I never really accepted that kind of argumentation when engaging in debates with apologists regarding the problem of evil and I can't accept it here.

The problem is that, for basically everything, the Republican response has been to take money out of the hands of ordinary Americans and put it into the hands of the wealthy. At what point does uttering PRATTs like "tax cuts will stimulate the economy" and the equivalents for the minimum wage "raising minimum wages hurt workers" and "if the minimum wage was lower more people would have jobs because businesses could afford to hire you" mean that if the person is not malicious then they are ignorant or stupid?

To assume that experienced people, the heads of nationwide orgs, congresspeople, senators, governors, and the President himself are arguing for these kinds of things in good faith means assuming that they're fucking idiots. The Rank and File isn't whats driving this. It's coming from the people at the top.
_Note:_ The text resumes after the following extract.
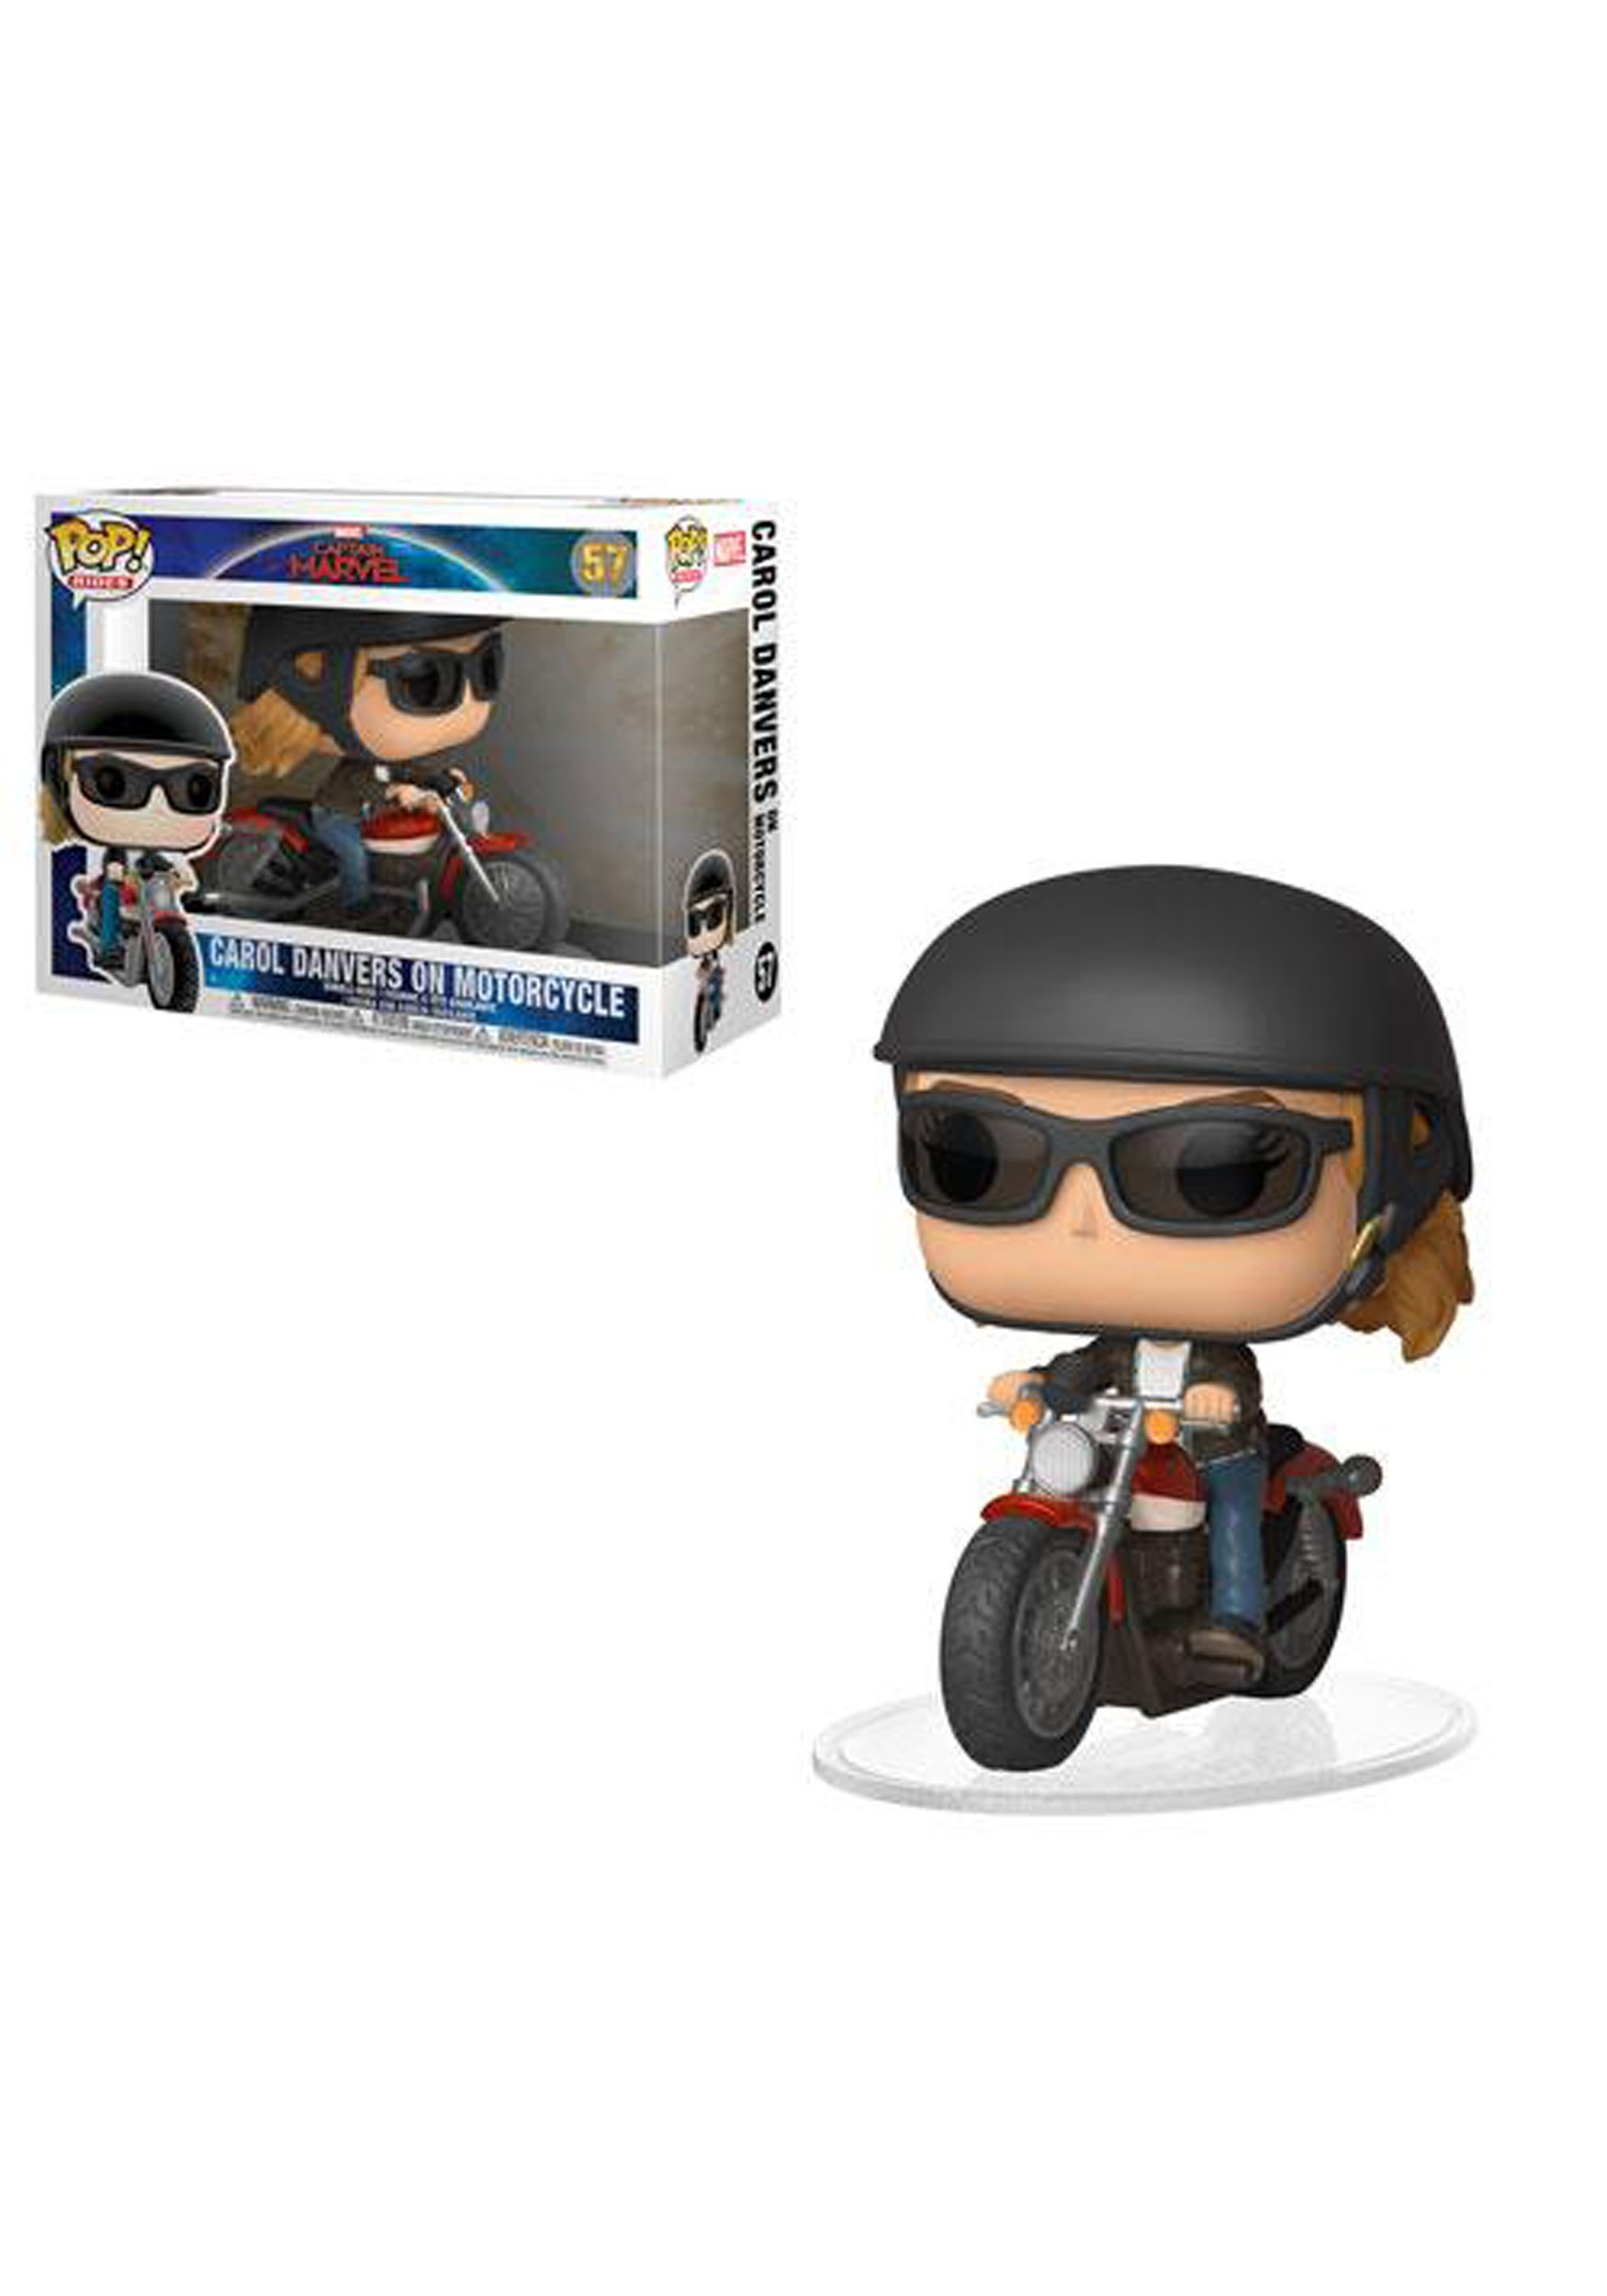 Pop! Ride: Marvel: Carol Danvers Bobblehead on Motorcycle- Captain Marvel

The people in the know. Mitch McConnell knows that tens of millions of people are going to lose healthcare if he gets that bill through. Many people will die as a result. Mitch McConnell is aware of this.

Which side of the "conniving v stupid" line do you think the most powerful man in the senate, the longest serving senator in his states history, falls more closely?
 
Assuming you have evidence of prices rising (you don't, obviously, but let's just pretend for a few minutes that you do), how does this demonstrate that the "numbers don't work" as you put it? Seems to me they work just fine since businesses are finding ways to compensate for the rising wages.

This is just wishful thinking.

If a business can reduce costs without harming the product they do so whether or not costs are going up.

Note the bolded part, which begs the question: "Can they?"